RECORDED INFORMATION section start

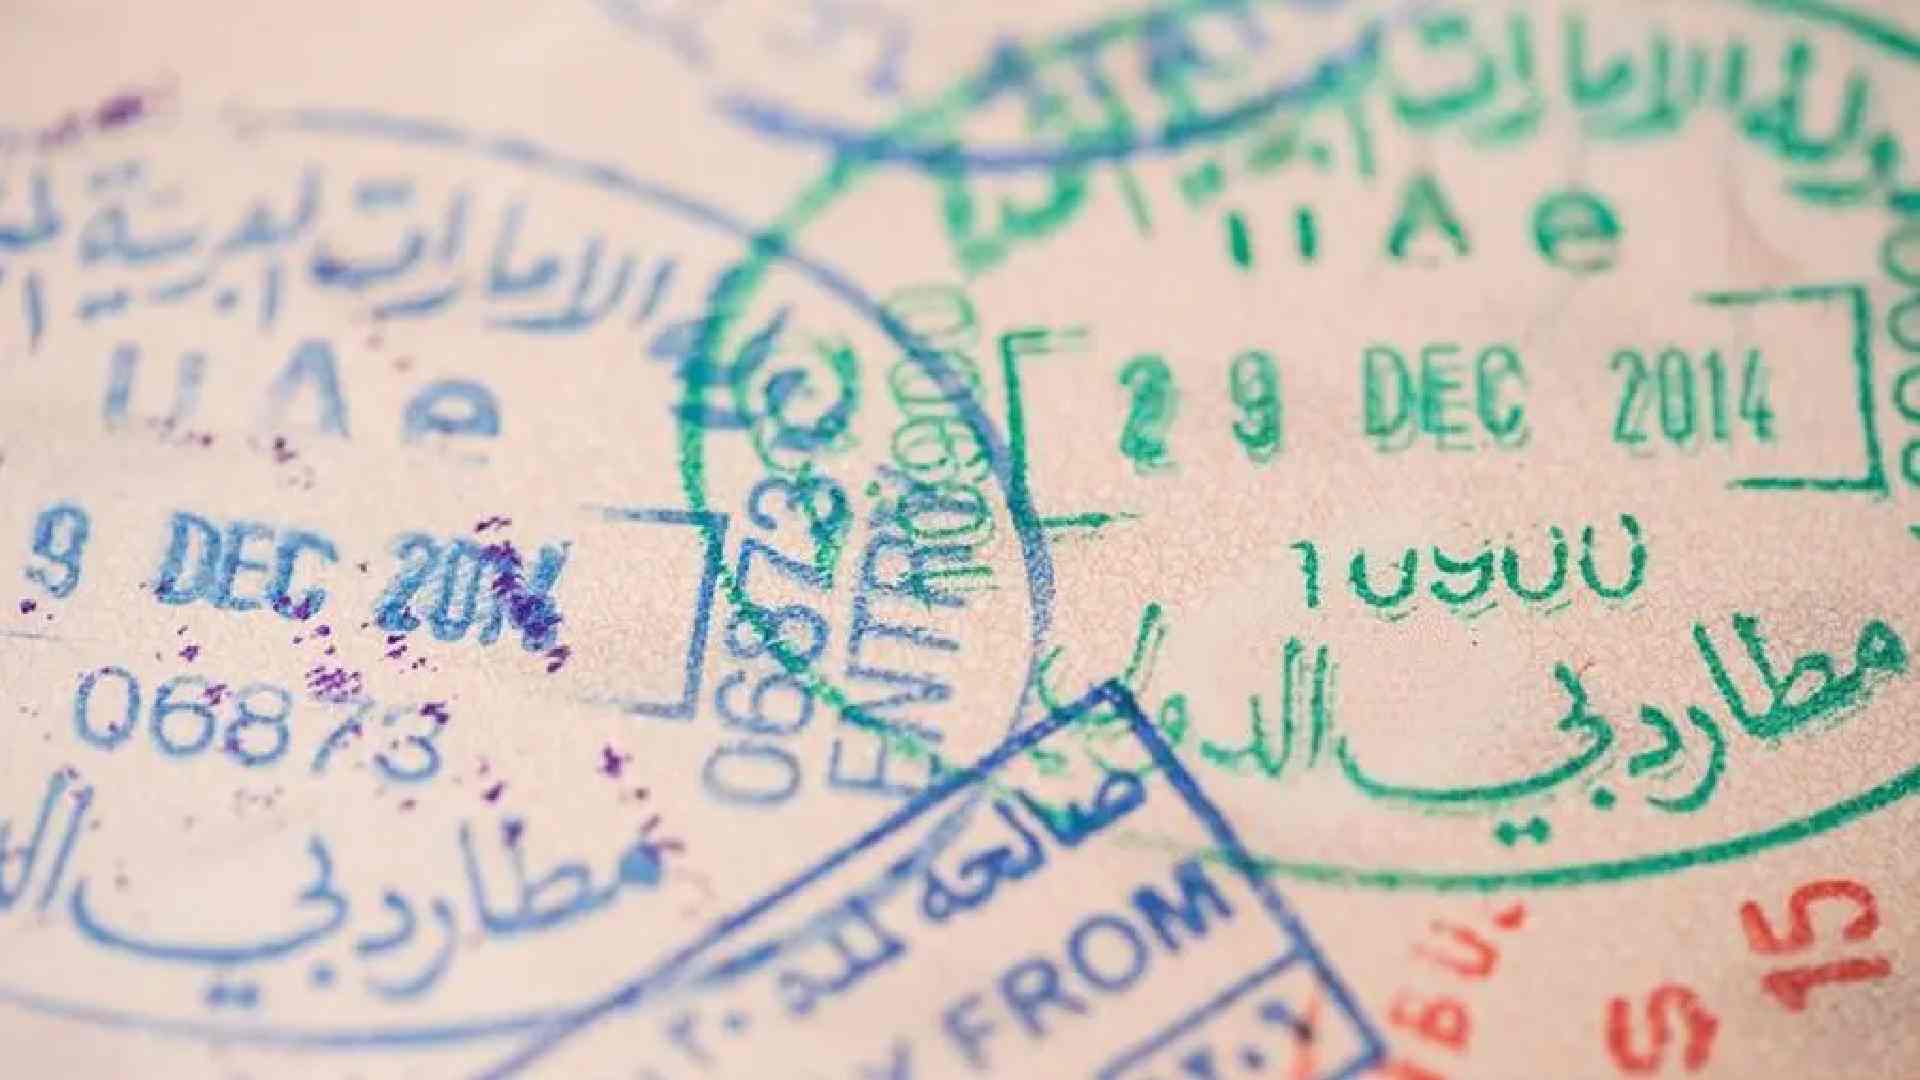 visa cancellation letter
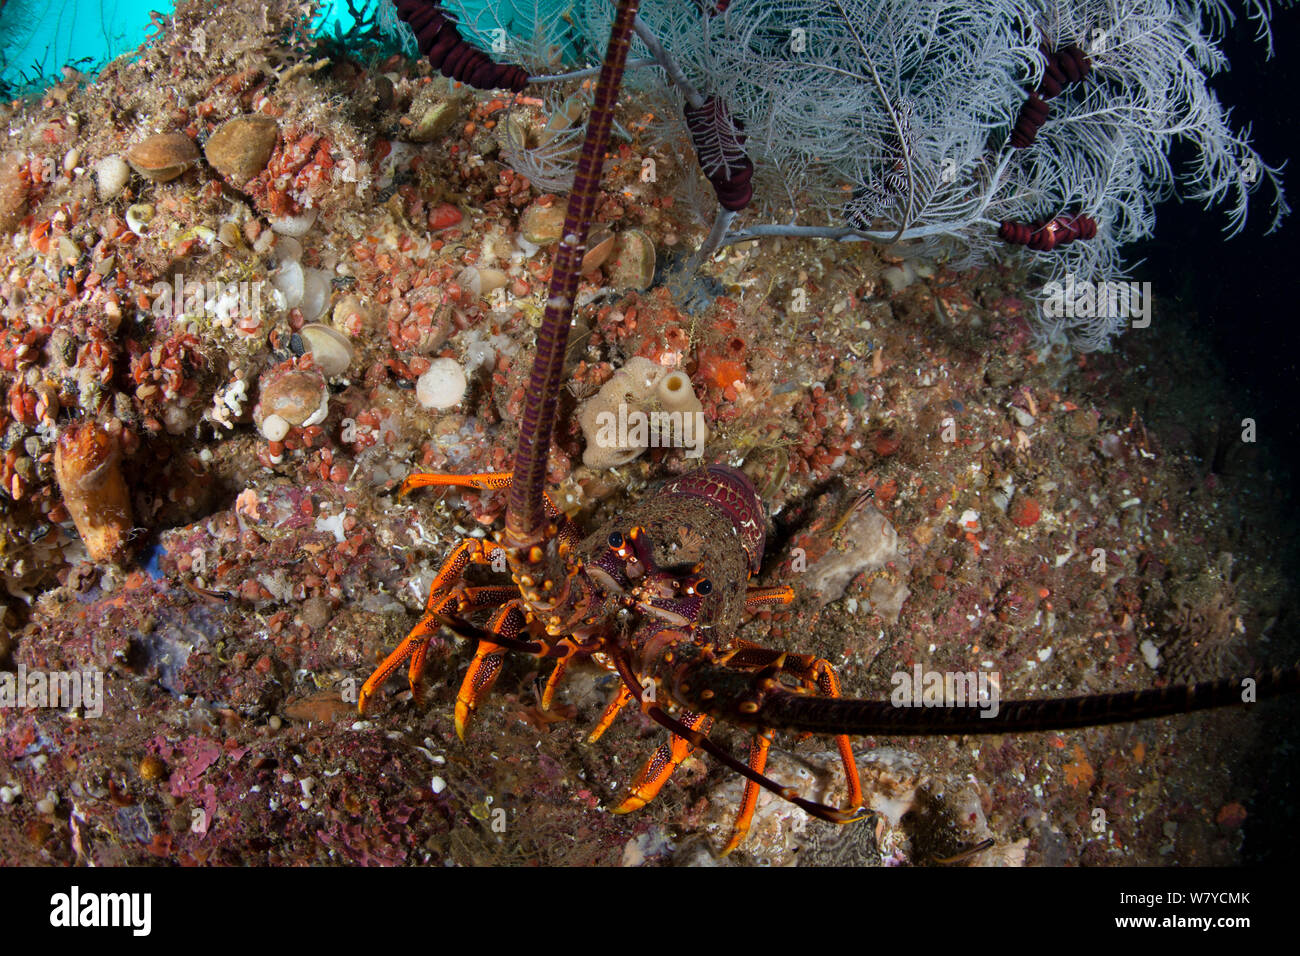 Neuseeland Krebse oder Southern Rock Lobster (Jasus edwardsii) versteckt sich unter einem Fiordland Black Coral Tree (Antipathella fiordensis) in den Dusky Sound, Fiordland National Park, Neuseeland. April 2014. Stockfoto
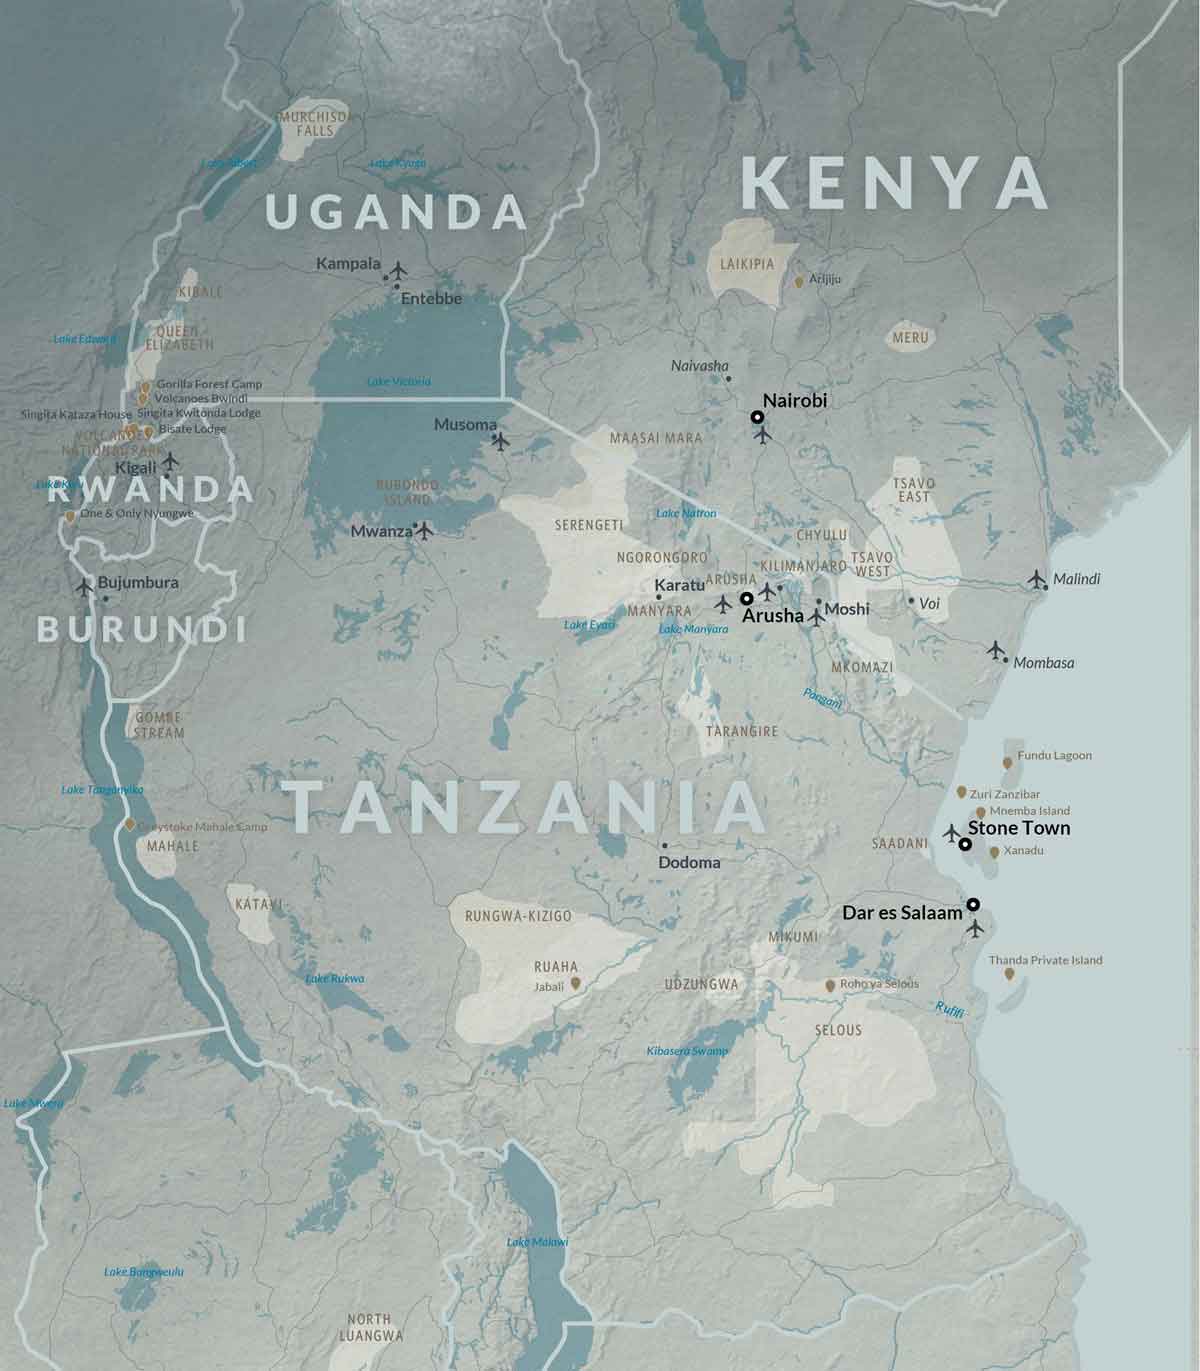 Detailed map of East Africa including Kenya, Uganda, Tanzania, Rwanda and Burundi

RECORDED INFORMATION section end

__EXERCISE INSTRUCTIONS__: If the listing above includes images, copy every line of it exactly except those images.

__RESPONSE__:
 visa cancellation letter
 Neuseeland Krebse oder Southern Rock Lobster (Jasus edwardsii) versteckt sich unter einem Fiordland Black Coral Tree (Antipathella fiordensis) in den Dusky Sound, Fiordland National Park, Neuseeland. April 2014. Stockfoto
 Detailed map of East Africa including Kenya, Uganda, Tanzania, Rwanda and Burundi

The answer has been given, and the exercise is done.